Generally speaking, LED headlights are stacked in between the halogen and HID xenon lamps regarding their luminescence, but they provide much more focused rays and can also be played with to create different shapes. Also, thanks to their small size, LEDs allow for greater manipulation, with automotive manufacturers being able to create all kinds of shapes and assemblies that would perfectly match their models.

Although LEDs do not emit heat as they light up, they do create a certain amount of heat at the bottom of the emitter when the electricity passes through, thus creating a potential risk for adjacent assemblies and connectivity cables. For this reason, LED headlamps need cooling systems, like heat sinks or fans to keep them from melting.

Furthermore, these cooling systems are located in the engine bay, a not-that-cool area for some other system to maintain a decent temperature. This is another reason why LED headlights are also harder to design and implement in the vehicle, and thus more expensive than HIDs.

Furthermore, Audi recently announced an optional laser high beam in its high-performance R8. This system is excellent at not shining light on vehicles traveling ahead of it that the high-beam can remain on and adjust itself, even with as many as 8 cars in front. Compared to LED high-beams, Audi’s laser spotlight can throw its beam twice as far down the road (over 500 feet), allowing the driver greater distance visibility.

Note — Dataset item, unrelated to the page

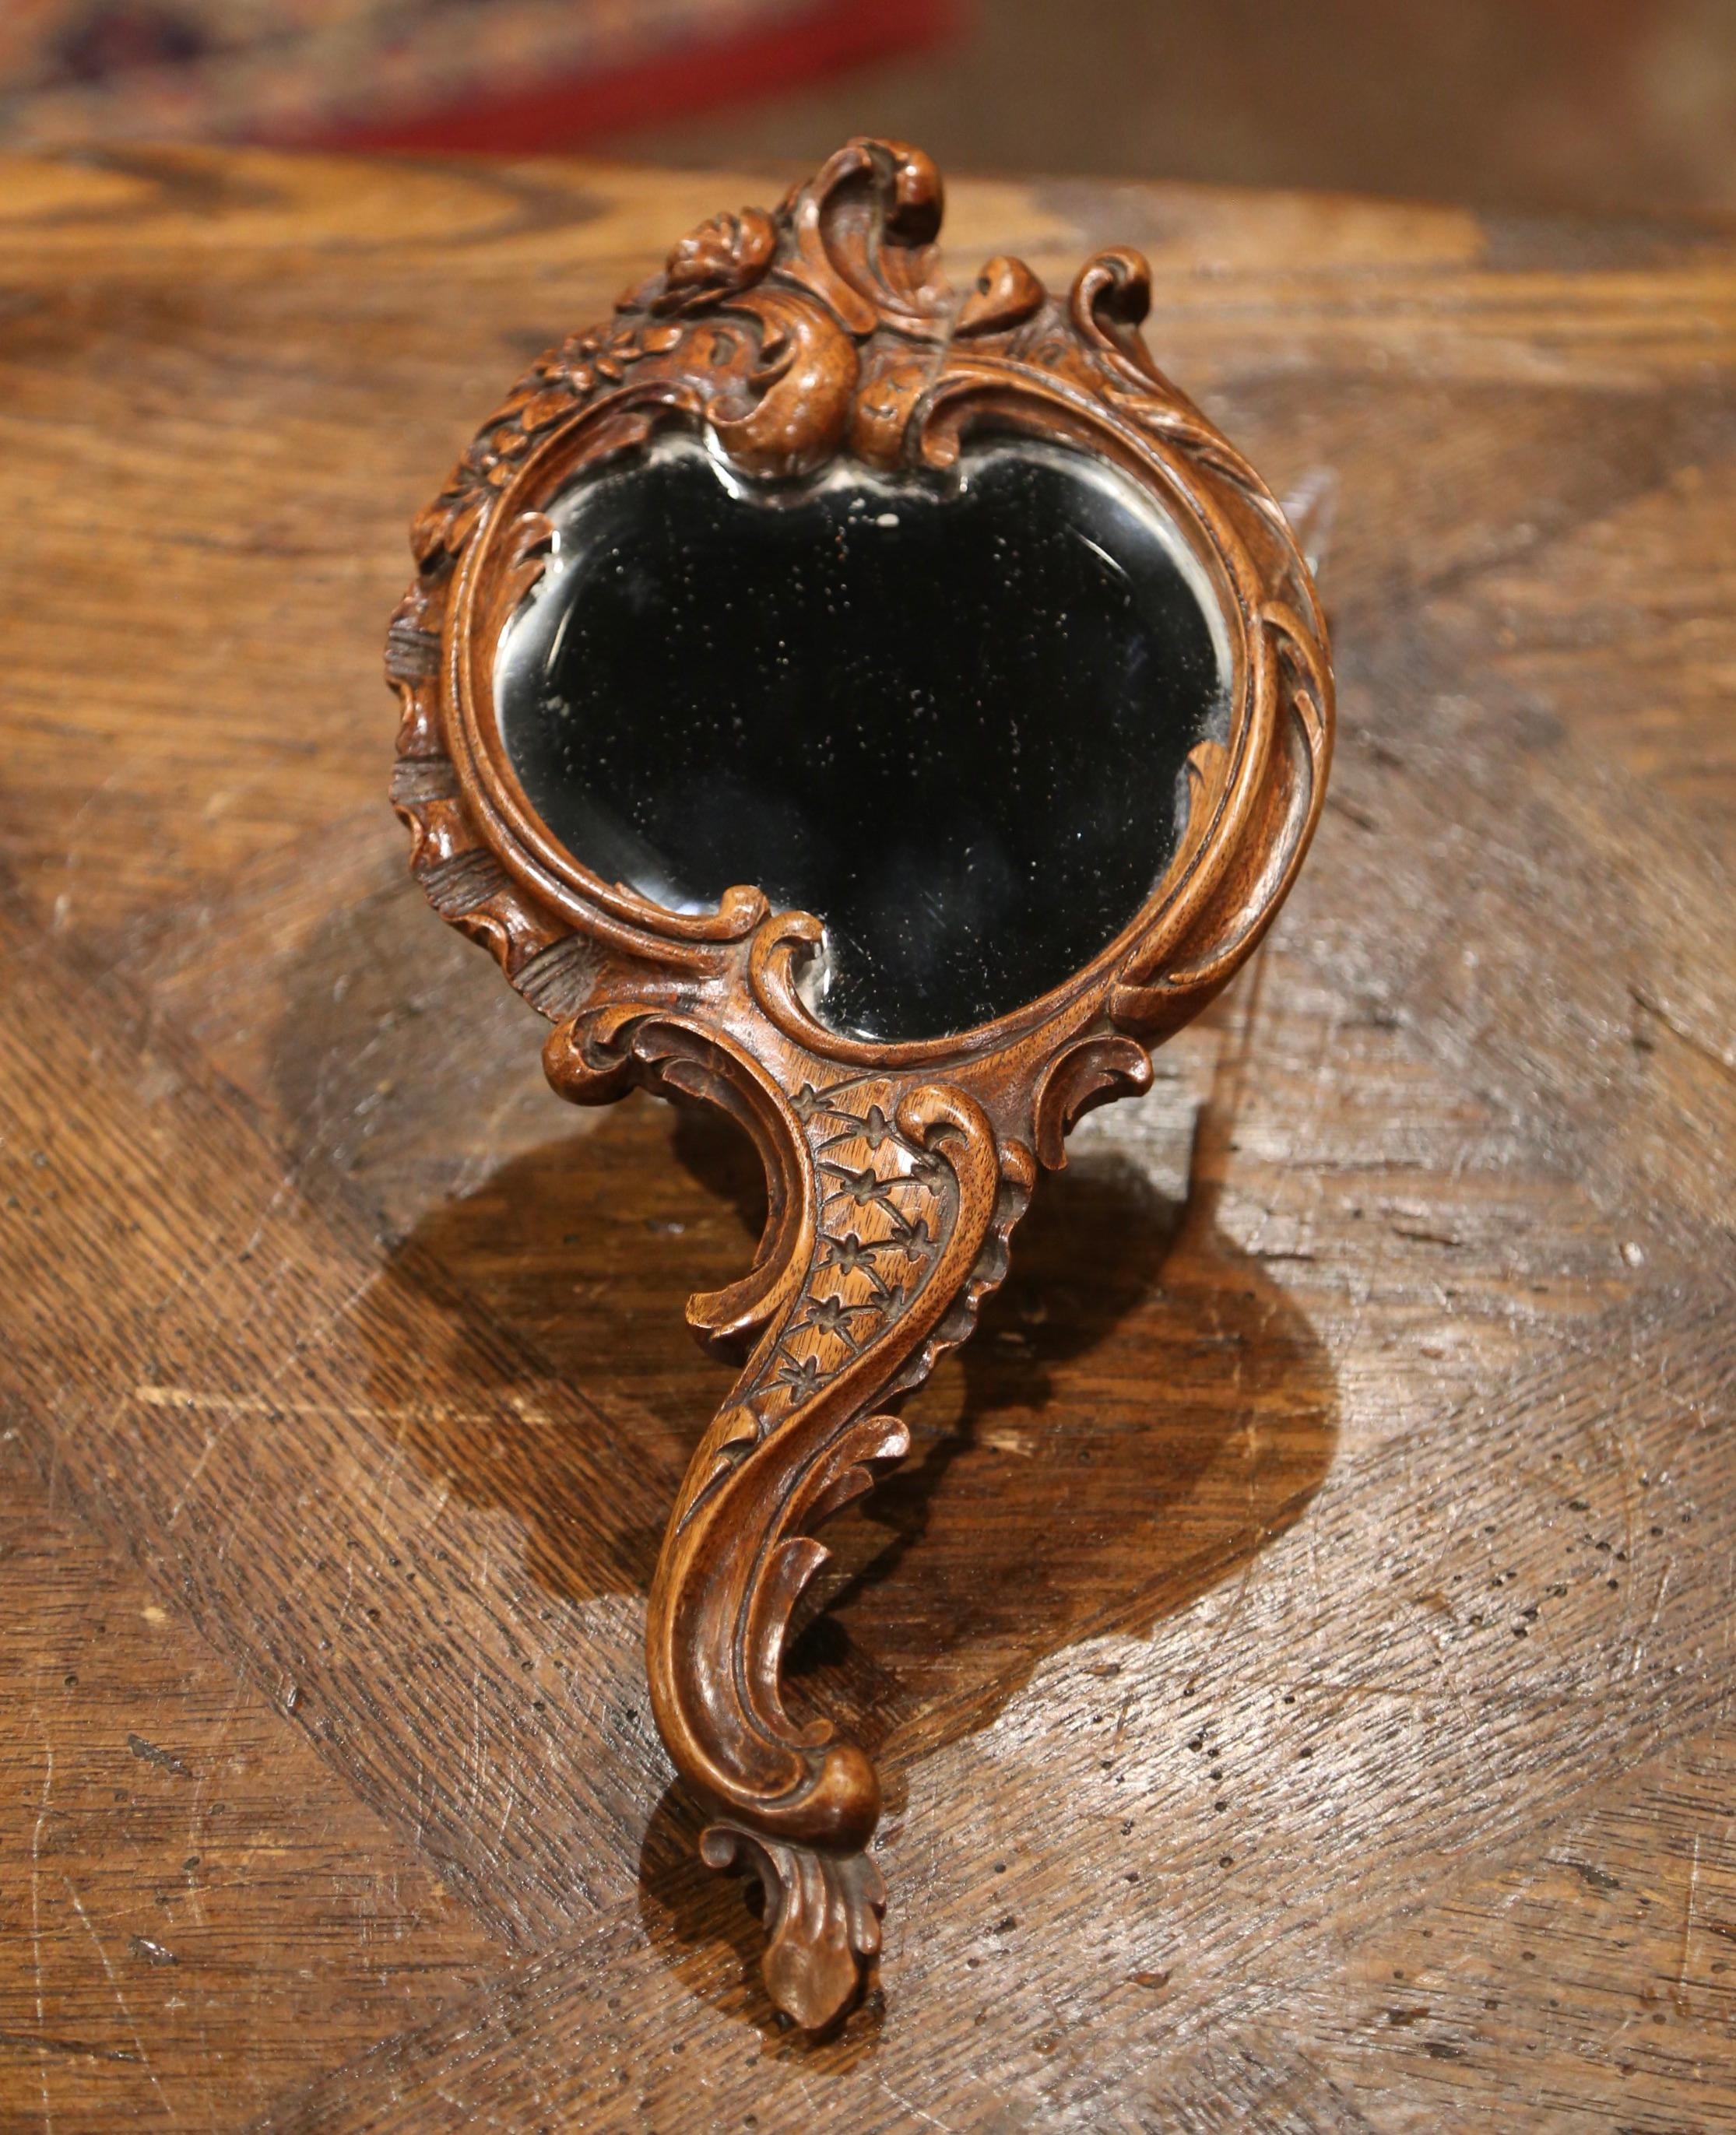 Crafted in France circa 1870, the antique Louis XV style hand mirror with elegant serpentine handle, features hand carved floral and leaf motifs throughout the frame; the vanity mirror has the original beveled mercury glass. The petite table mirror

In conclusion, the heady days of the incandescent light bulbs dominance as the go-to choice for lighting needs are waning. It has been a long time coming, but the cost structures normally associated with LED equivalents have dropped dramatically over the past 5 years or so.

So much so, that their price points are now low enough for them to be embraced not only by the consumer, but also by major industries, such as the transportation market segment. Yes, I believe the future is bright for LED bulbs.